Did the GM decide that the result of the roll was or wasn't a dead orc? Did the player? In the runes example, the player expressed a hope, and the GM decided to make that hope real. They didn't have to. They could have provided some other beneficial result. They chose to make the player's hope manifest.
 

I don't use the terms, "rising action" or "moral line" in my play, and I'm not really sure what they would mean in my games.

"Player-initiated" I get.
I was talking about an episode of my play, not yours. And the other posters I referred to were commenting on that episode of my play.

And, as I posted, not one of them observed that the situations was one of rising action across a moral line. It doesn't even seem to have occurred to them that it might matter - just as that does not seem to have occurred to you (at least until I mentioned it)?

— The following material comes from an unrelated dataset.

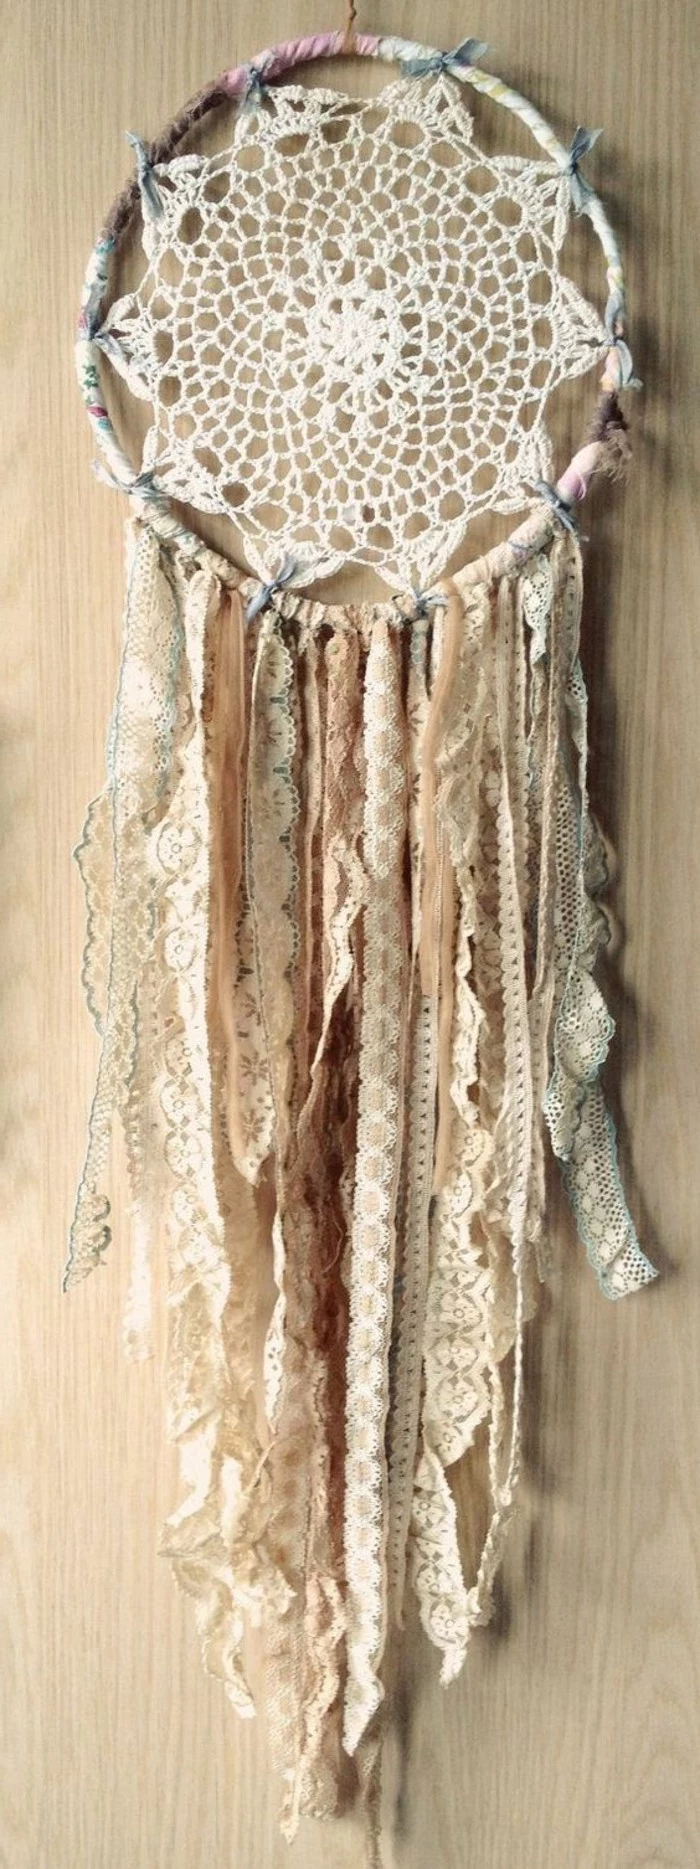 antique lace ribbons, in pale beige, cream and off white, attached to a boho dreamcatcher, with a crocheted doily, pictures of dream catchers, pale beige wooden background

The same thing is present in the blog about the screaming cook, as I've already noted - the blog poster notes that the presence of the cook gives rise to the possibility that the burgling PC might kill the innocent cook - but again no one who is criticising that example, and "fail forward" more generally, seems interested in that.

If you look at all RPGing on the assumption that what play is about is (i) the GM establishing and presenting some fiction, so that (ii) the players can manipulate that fiction via their PCs in order to solve a problem that the setting or situation has posed to them, then a lot of what I or @Campbell or @AbdulAlhazred have posted in this thread won't make sense.